Wednesday, August 14, 2019

Accidentally Quadratic Constant Folding

I just fixed a bug in the implementation of constant folding in the C# and VB.Net compilers. They used to require O(n^2) space. Now they require O(n) space.

The naive approach to implementing string concatenation for an expression such as "S1" + "S2" + "S3" is to recursively visit the left-hand and right-hand operands and compute their constant string values, and then concatenate these strings to produce the constant string for the concatenation. It seems obviously correct and the only reasonable way to do it. But it has a serious problem.

The concatenation operation is left associative, so for a long sequence of n concatenations, each of size k, we would produce intermediate results of size k, 2k, 3k, and so on up to nk. The total amount of space needed to represent this collection of strings is O(k n^2). For moderately-sized values of n, this would cause the compilers to run out of memory and crash. This is not merely a theoretical problem, as we had been getting customer reports of this problem about quarterly for the past 7-8 years.

Fixing the problem was fairly straightforward, using a technique I learned from the Cedar/Mesa compiler in the early '80s. Rather than representing string constants in the compilers using strings, they are now represented using a data structure called Ropes. Concatenating two ropes requires only a small constant amount of memory.

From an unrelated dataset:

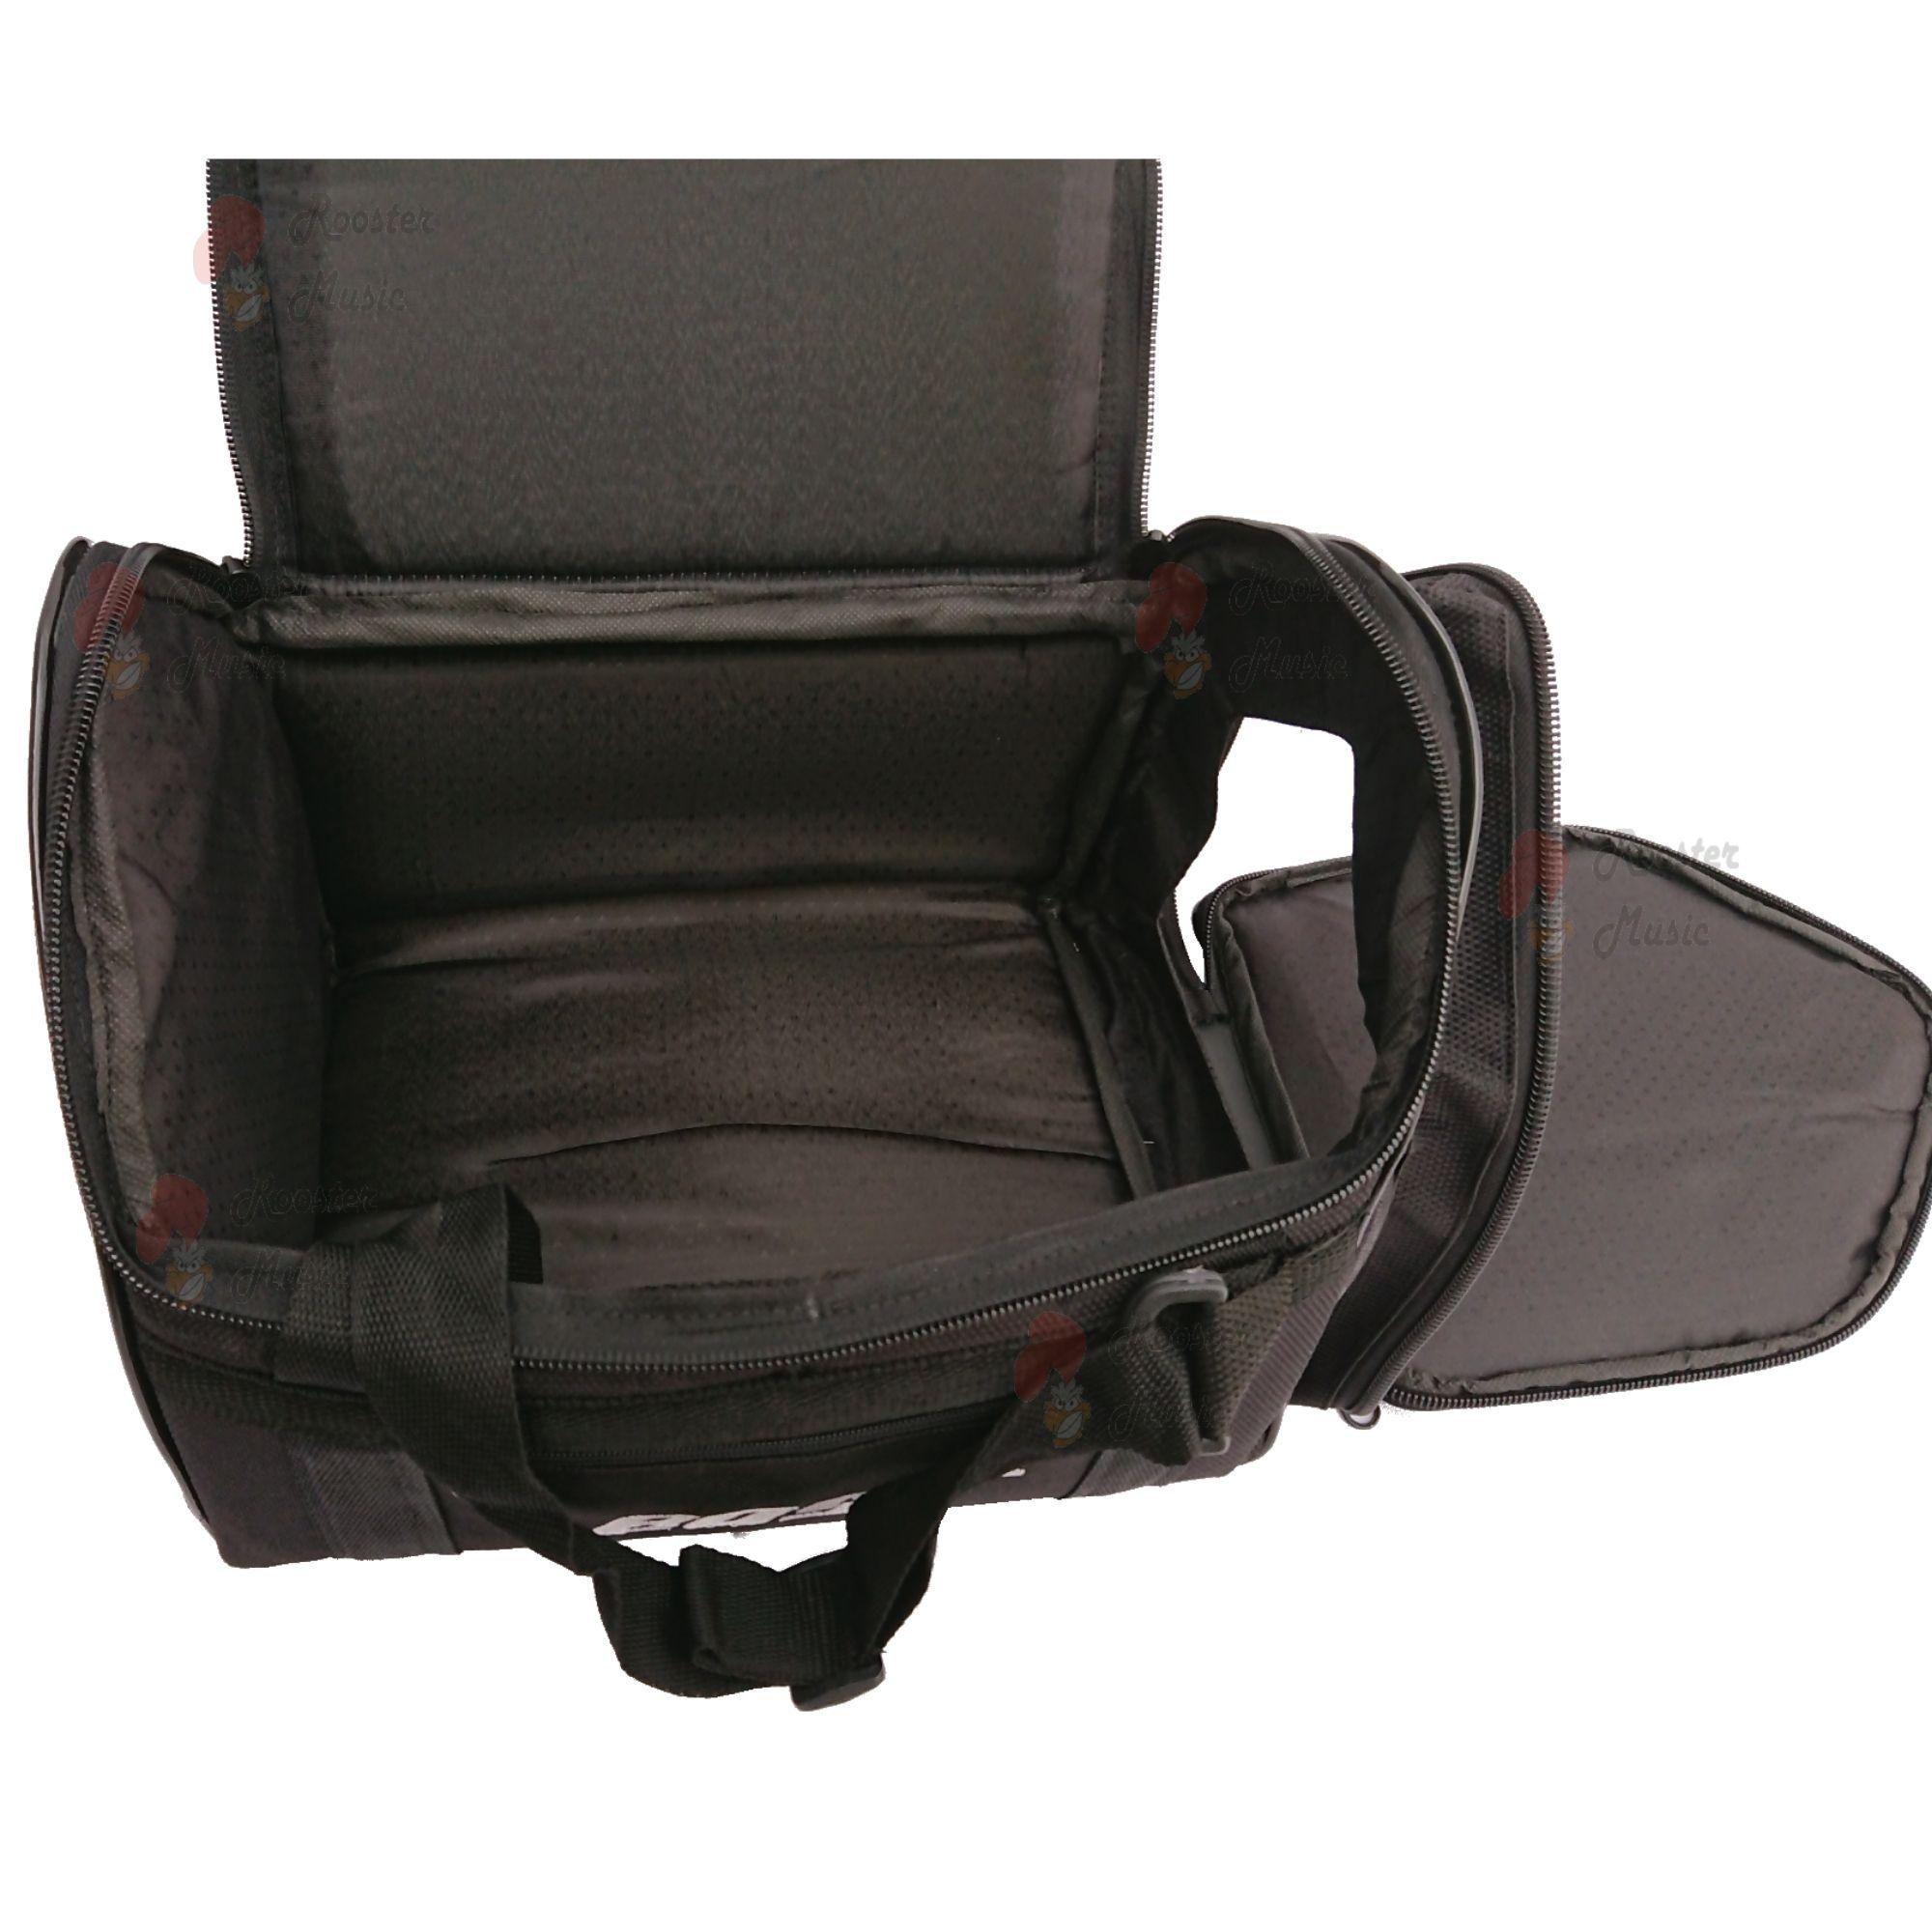 Capa Bag para Caixa de Som Bose S1 Pro. Modelo Semi Case Premium (34x25x27).

Any compiler for a language that supports constant folding of string concatenation will run into this problem unless there is a similarly low-space representation of two concatenated strings. This is a technique that should be in the bag of tricks of any compiler writer.


Eric Lippert said...

In the original C++ based compiler I removed the recursions on the most-likely-to-be-deep side of the constant foldings because the problem was not the quadratic step in the fold; it was that we could run out of stack space if there were large -- typically machine-generated -- expressions. It was my intention to put similar logic into Roslyn and to eliminate the quadratic steps at the same time, but evidently I did not get around to it. I'm glad to hear this is finally done!

Eric Lippert said...

Incidentally, Herman Venter and I built a ropes implementation into JScript in the late 1990s. We abandoned it, because it turned out that the overhead of the rope data structure cost more than the small win we got in deferring string concatenations. It turned out that most people are not concatenating thousands of strings into one string. It was a great lesson to me: not all optimizations are actually improvements, even if their algorithmic order looks better.

Neal Gafter said...

Indeed, I would not necessarily recommend replacing strings with ropes in the language. I am recommending ropes only for the purpose of representing constant strings in the compiler so that string concatenation can be folded (in the compiler) in O(1) space.